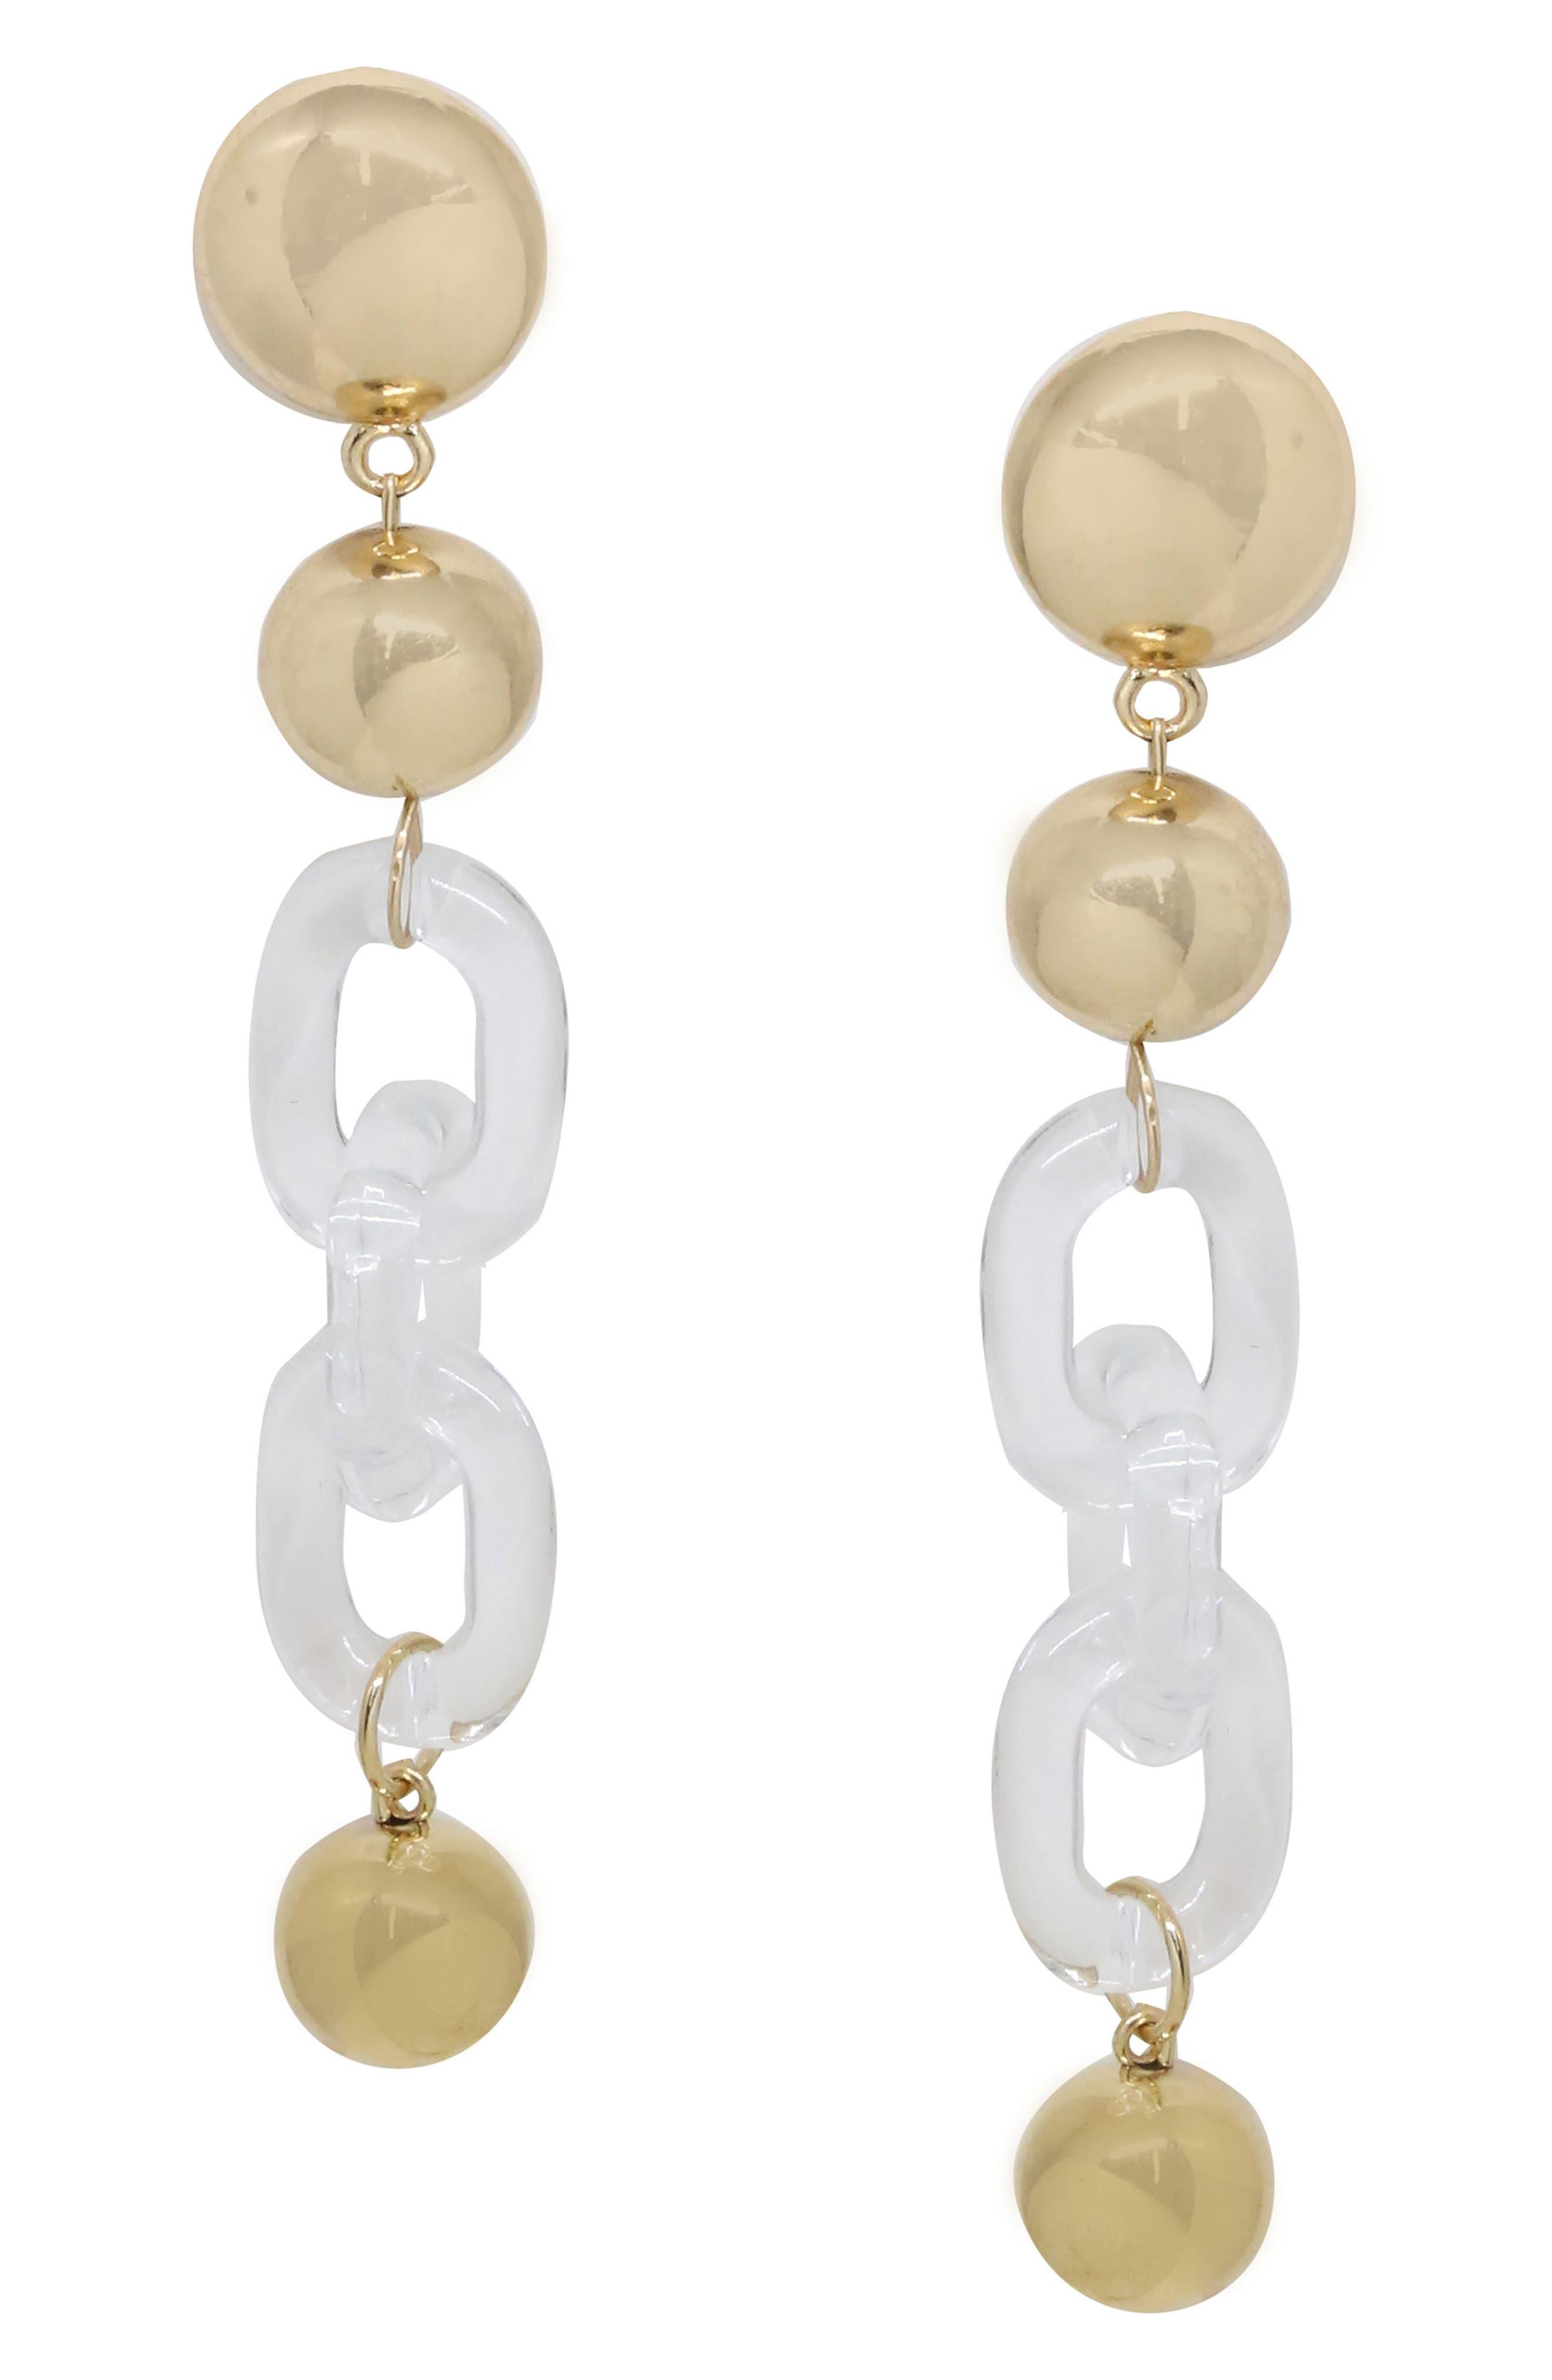 Chain & Sphere Drop Earrings,                             Main thumbnail 1, color,                             710
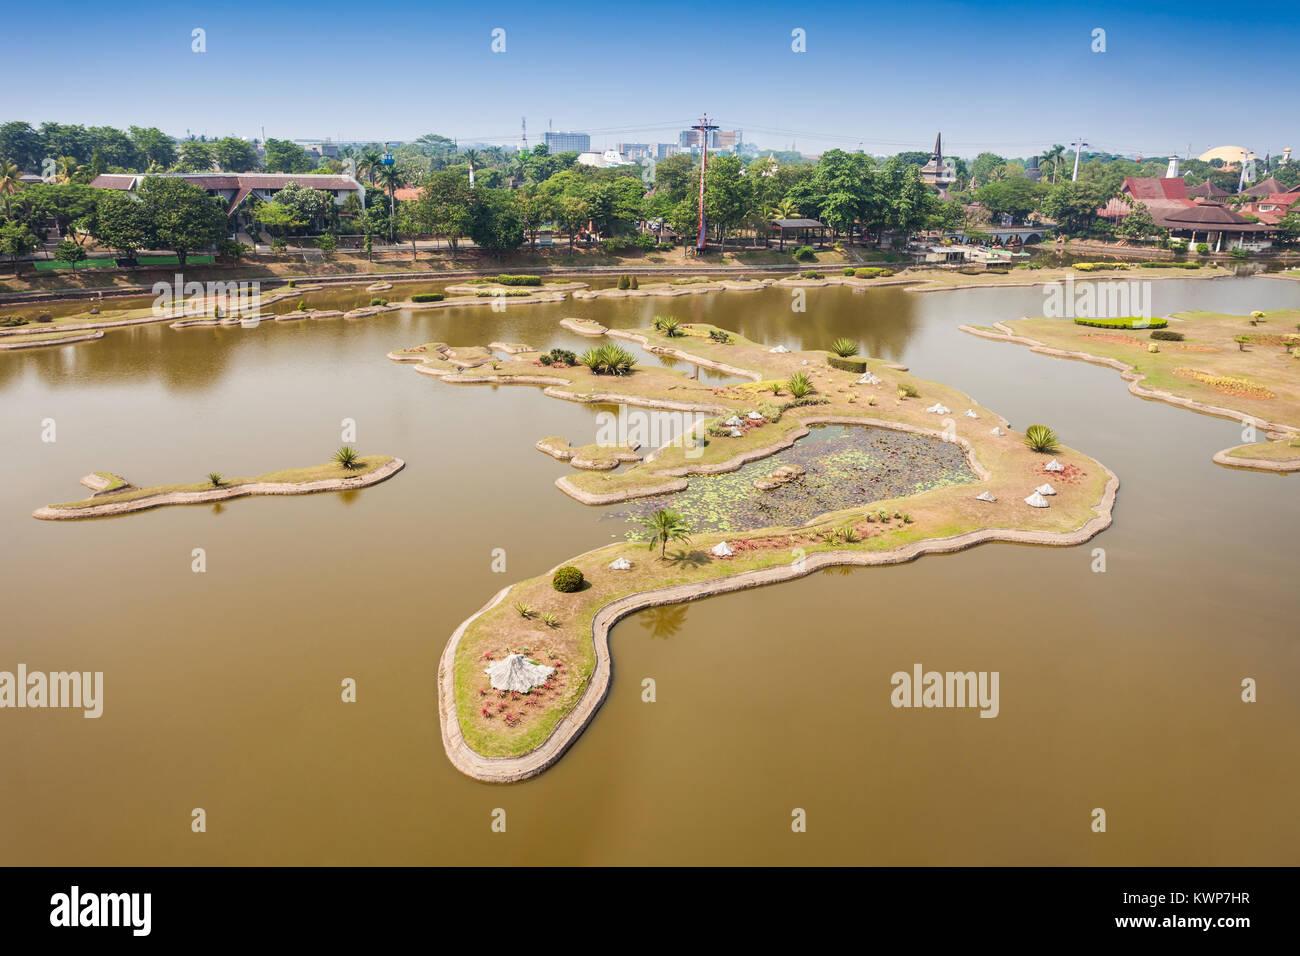 The miniature of Indonesian Archipelago in the Taman Mini Indonesia Park. - Stock Image
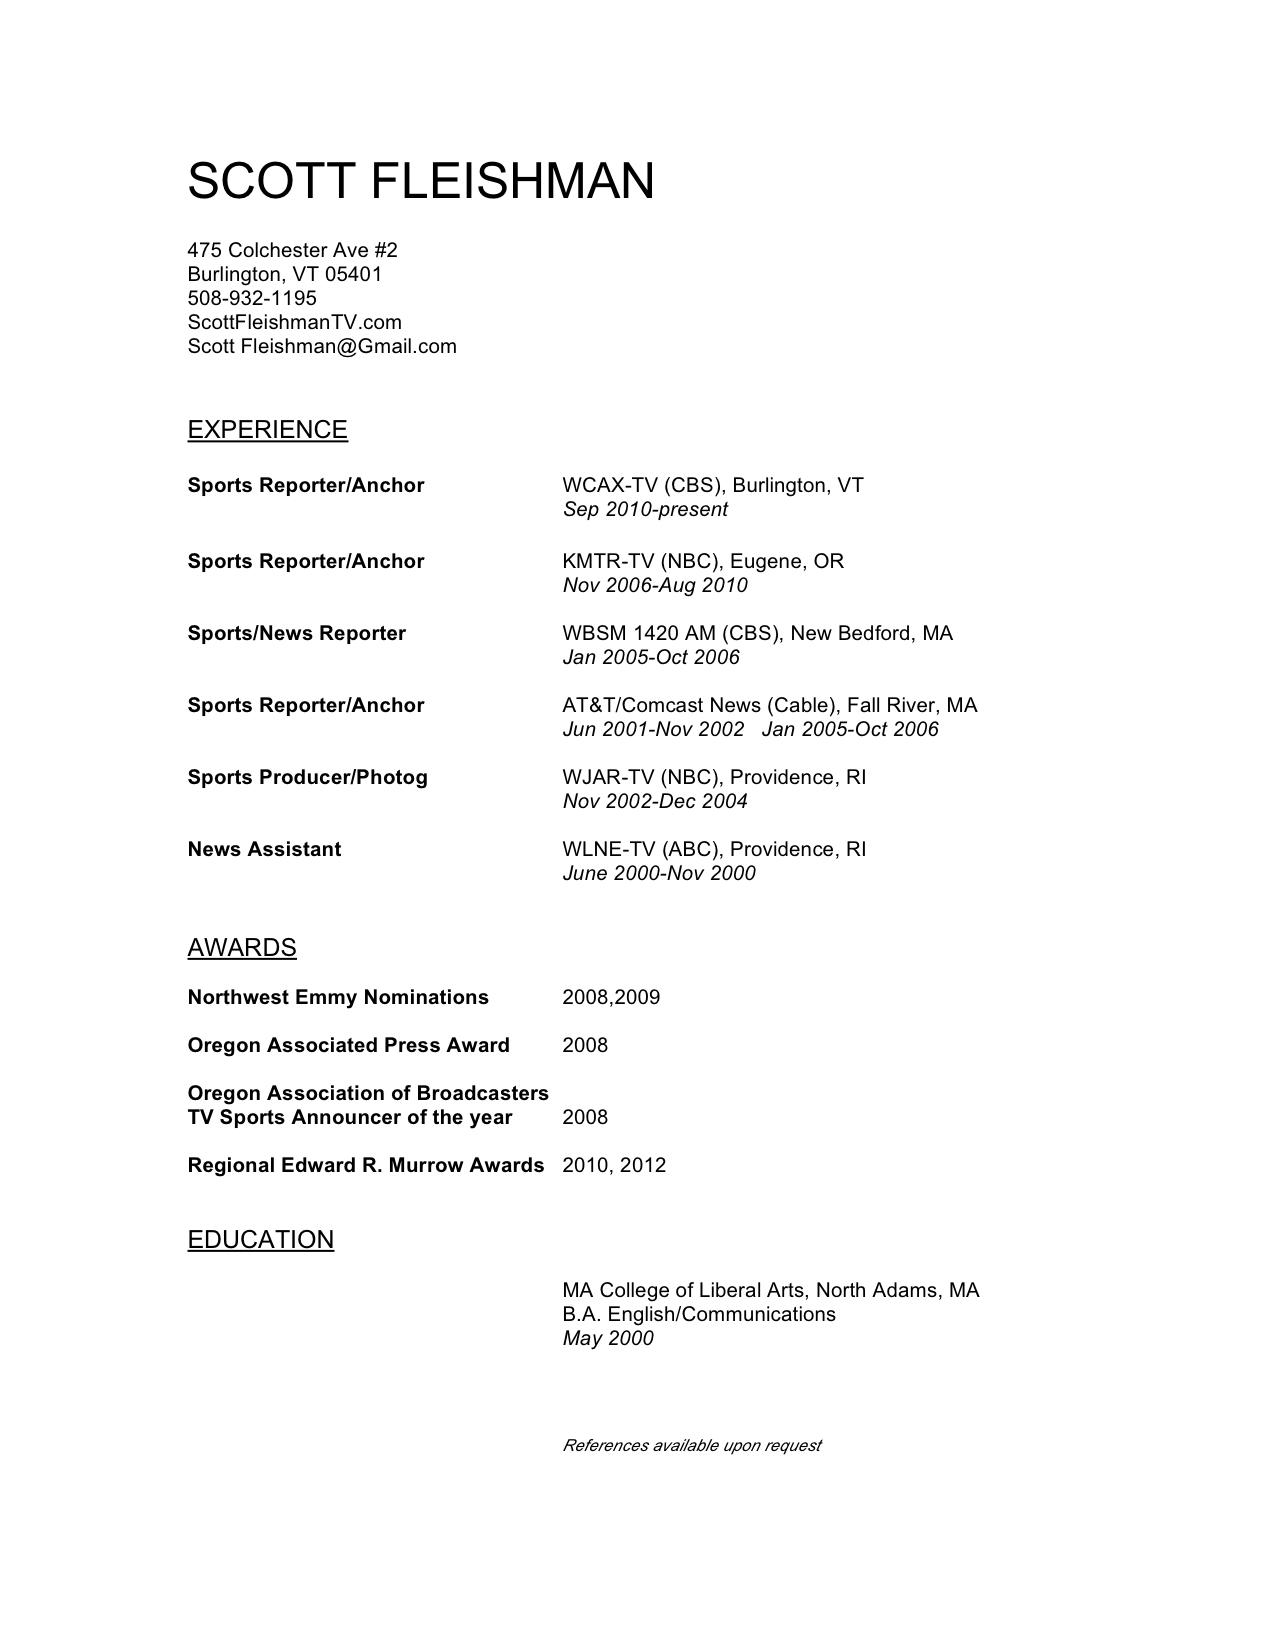 halliburton research paper

YOUR TASK.
With the pictures removed, repeat the listing above exactly as it stands.

SOLUTION TO THIS TASK.
 Chain & Sphere Drop Earrings,                             Main thumbnail 1, color,                             710
 The miniature of Indonesian Archipelago in the Taman Mini Indonesia Park. - Stock Image
 halliburton research paper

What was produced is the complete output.